After tweeting his disdain for the mayor of London in the aftermath of Wednesday’s terror attack there, Donald Trump, Jr. returned to living and working and raising his kids in a city that his father’s budget would leave dramatically more vulnerable to just such an attack.
Last week, word that President Trump’s budget would cut $190 million in Homeland security funding to New York prompted NYPD Commissioner James O’Neill to say the move would deprive the city of “the backbone of our entire counterterrorism apparatus.”
“This funding is absolutely critical,” O’Neill said. “It is the cornerstone of preparedness and prevention against terrorist threats, and enables us to do what we can do to keep the city secure.”
In a tweet of his own, O’Neill said, “Under @POTUS budget, virtually all fed funding to #NYPD eradicated. Entire counterterrorism apparatus in nation’s top terror target hobbled.”
Donald, Jr. was tweetless about the peril to his hometown, but he went right to Twitter after Wednesday’s attack in London in which an English-born terrorist killed four using an automobile and a knife:
“You have to be kidding me?!: Terror attacks are part of living in big city, says London Mayor Sadiq Khan.”
Donald, Jr. was quoting a headline to that effect in the British newspaper The Independent. He included a link to the article, but perhaps the headline was all he read—as if it were CNN unplugged—- and he thought it applied to Wednesday’s attack.
In fact, the article was dated September 22, 2016 and Khan was in fact responding to an attack in New York and seeking to reassure his constituents that every possible measure was being taken to protect London. The body of the article quotes Khan as saying, “Nothing is more important to me than keeping Londoners safe.”
Khan went on, “I want to be reassured that every single agency and individual involved in protecting our city has the resources and expertise they need to respond in the event that London is attacked.”
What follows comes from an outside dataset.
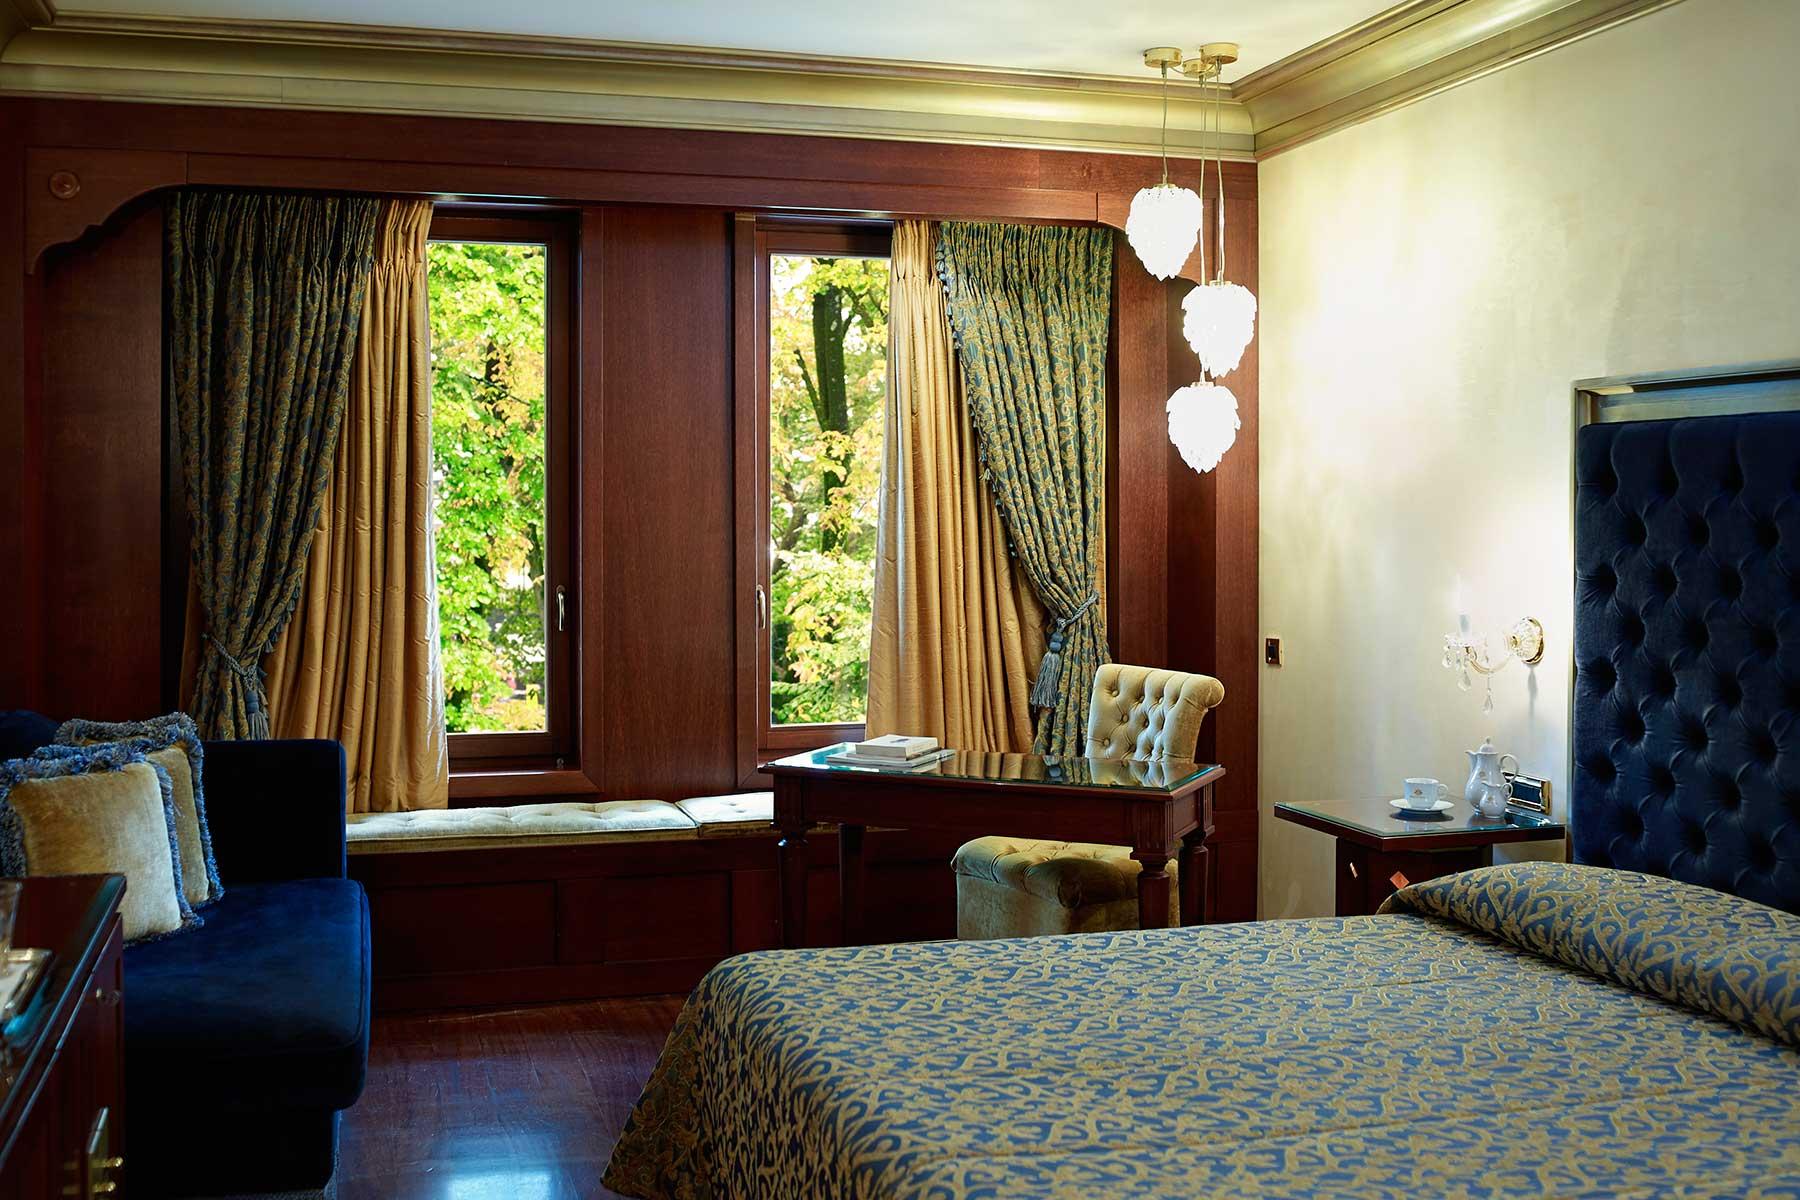 grand-serai-standart-double-room-ioannina-greece-1.jpg

He added, “The terrorists are evolving their tactics and we have got to evolve our response to them all the time. I am afraid the consequences of a terror attack are very very scary. They want to kill. They want to maim and terrify. It is my job to try to make sure that we are as safe as we can be.”
Not even the son of a president who is prepared to leave his hometown dramatically more vulnerable to attack in time of war could rightly disagree with Khan’s sentiments.
One of 21 terror plots that have targeted New York since 9/11, the attack that prompted Khan’s remarks, involved two bombs in the Chelsea neighborhood of Manhattan. One detonated, injuring 32 people. The second was found across the street from a hotel restaurant that has a glass ceiling a blast would have turned murderous. It was safely removed and dismantled by the NYPD bomb squad, with considerable help from the very funding that the president’s budget seeks to end.
“The federal Homeland Security funds buy us a lot,” Commissioner O’Neill noted in a recent article in the New York Daily News. “The Total Containment Vessel (TCV), the rolling vault that allowed the bomb squad to remove the live Chelsea bomb? Yes, paid for with Homeland Security Grant funding from the Department of Homeland Security. The bomb robot that allowed the NYPD bomb technicians to deal with that device from far away, thus reducing risk to our detectives’ lives? Paid for with DHS grant money. The “bomb suit”—protective gear worn by the bomb tech who had to approach the device? Paid for by DHS money.”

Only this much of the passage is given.